Préservation des espèces emblématiques

Exemple 2 : Fiche 87. Zones protégées d’Alberta (Canada).

• Mesurer la valeur d’usage du caribou par le biais de la méthode de modélisation des choix (cf. partie méthodes).

Résultat : Les populations de caribou et les zones naturelles qui constituent leurs habitats ont des utilités marginales significatives et positives. Les préférences exprimées pour la présence des caribous augmentent en fonction du nombre de bêtes, jusqu’à un seuil de population d’environ 600 individus. Les préférences n’augmentent pas au-delà de ce seuil.

Le consentement à payer pour augmenter la population de caribou à un niveau plus élevé que le niveau actuel est relativement bas : pour accroître la population de 600 à 800 individus, les ménages de la région d’Alberta seraient disposés à débourser 26$ par an par ménage (19 euros).

Services fournis par les espèces

La valeur de la biodiversité ne se réduit pas à la valeur d’existence et de legs pour les générations futures. La biodiversité rend des services écologiques qui ont un intérêt économique direct. Le plus emblématique est la pollinisation assurée par les insectes, processus essentiel à la réussite de certaines cultures.

Exemple 3 : Fiche 88. Etats-Unis.

• Estimer la valeur des services fournis par les insectes, en particulier la pollinisation, la protection des végétaux (contrôle des insectes nuisibles aux cultures), la dégradation de la matière organique et la nutrition de la faune.

Méthode : Comme dans la plupart des études évaluant l’intérêt économique des services

environnementaux, c’est la méthode des coûts évités qui est privilégiée.
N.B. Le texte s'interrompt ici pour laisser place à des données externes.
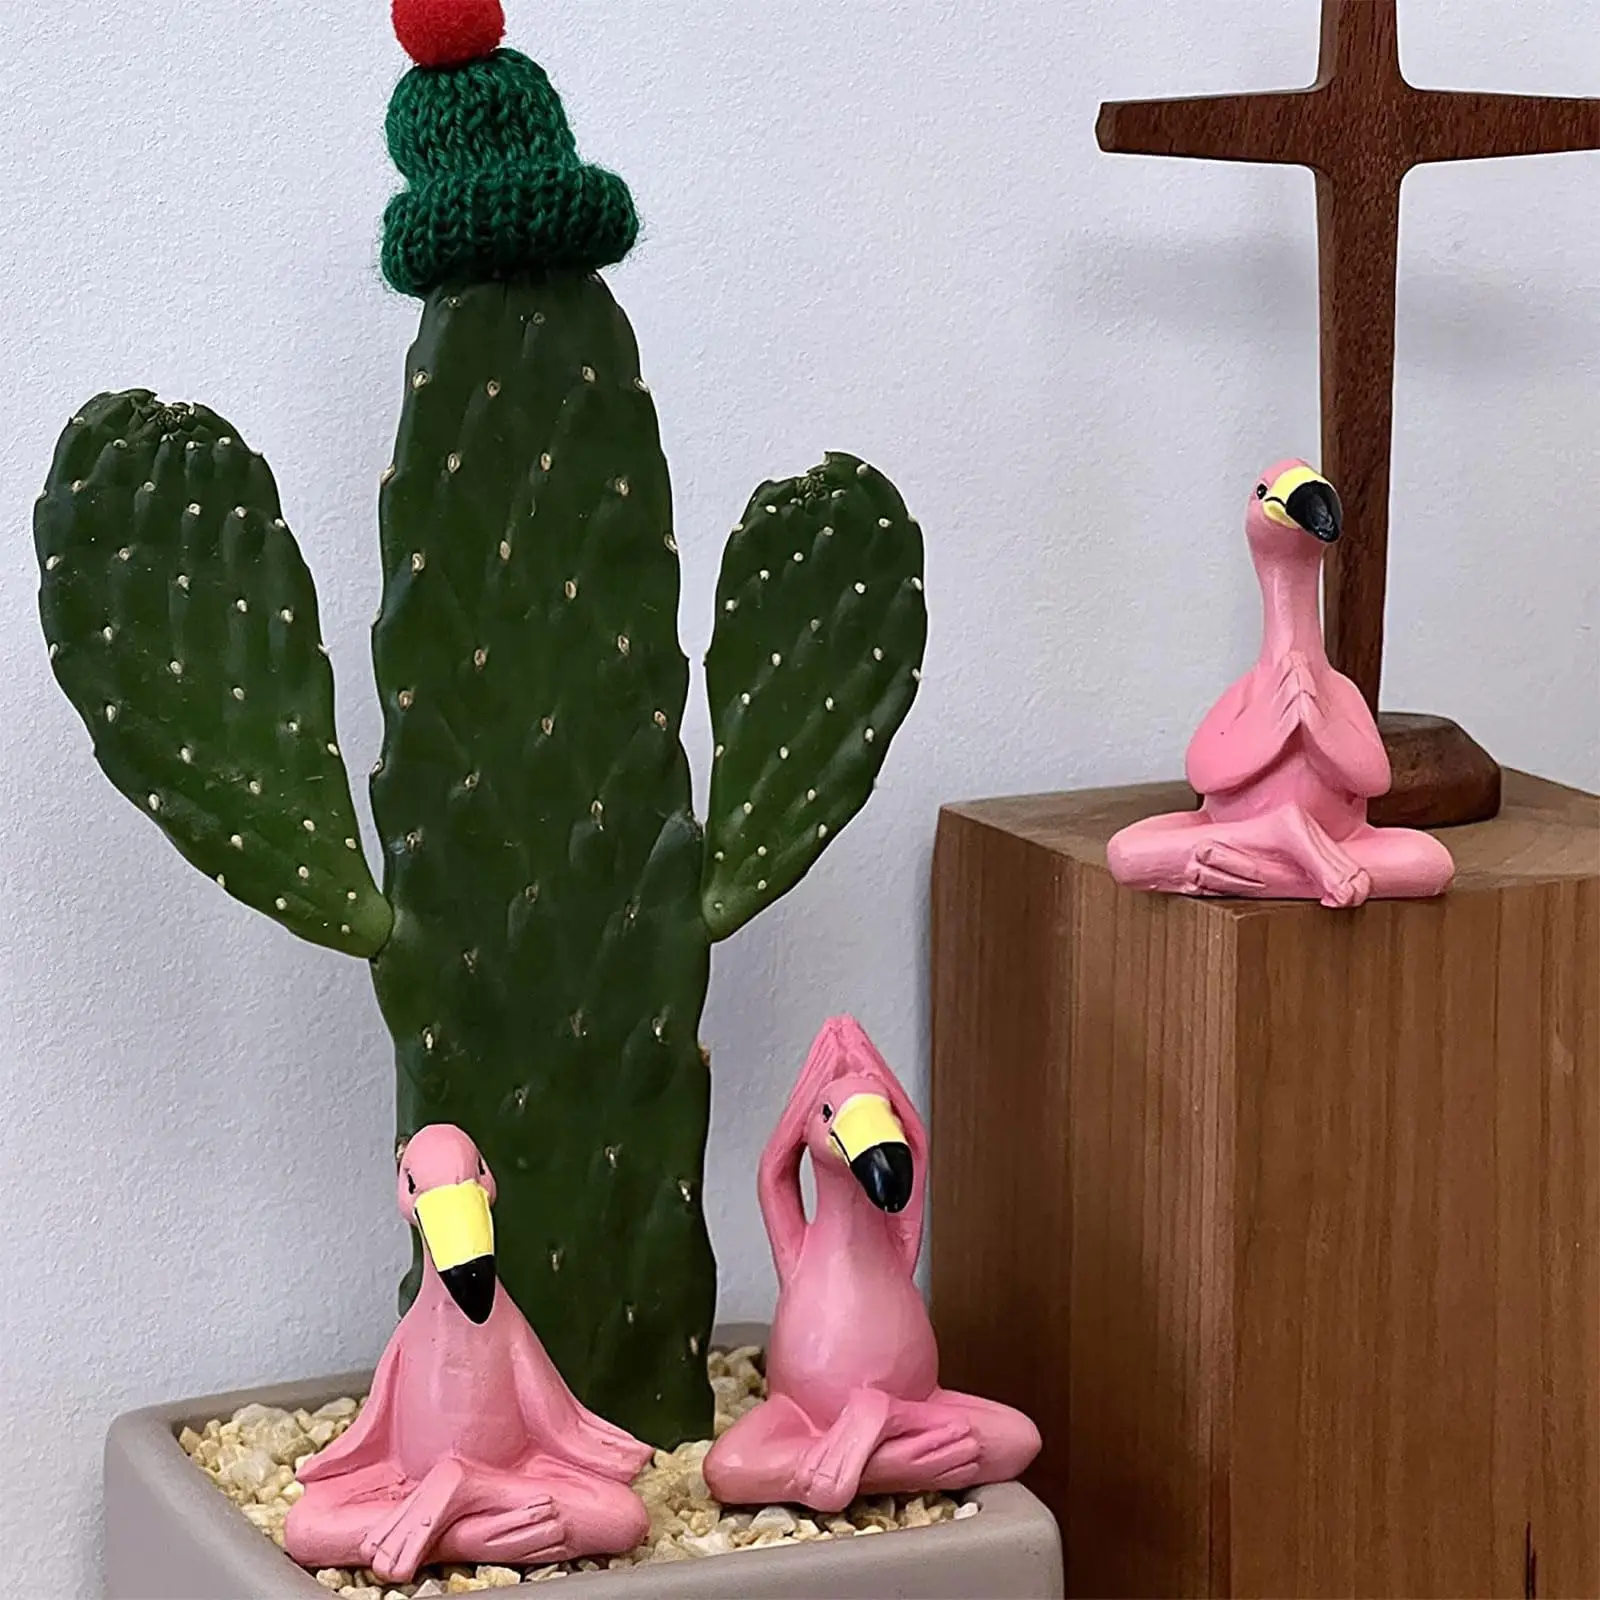 

3 Pieces Flamingo Figures Pink Decorative Crafts for Outdoor Garden Unique Tabletop Yoga Room Ornament Decors Statue Ornaments

Résultat : Les insectes constituent une ressource alimentaire essentielle pour la faune

sauvage, source d’activités récréatives telles que la chasse, la pêche ou encore l’observation. Les citoyens américains dépensent environ 60 milliards de dollars (42 milliards d’euros) dans ces activités (recensement 1996).

Les auteurs estiment la valeur des services écologiques fournis aux Etats-Unis par les insectes à au moins 57 milliards $ (38 milliards €). Ils considèrent que leur estimation globale est relativement basse, notamment parce qu’ils ne disposent pas des données nécessaires à l’évaluation d’autres services fournis pas les insectes qui peuvent être potentiellement importants. Le montant estimé se répartit comme suit : 0,4 milliards $ (23 milliards €) liés à l’enfouissement des déjections animales, 4,5 milliards $ (3 milliards €) pour la protection des cultures, 3 milliards $ (2 milliards €) pour la pollinisation et 50 milliards $ (33 milliards €) pour les loisirs. Ces montants justifient, à eux seuls, de plus amples investissements dans la conservation des espèces et la maximisation de ces services.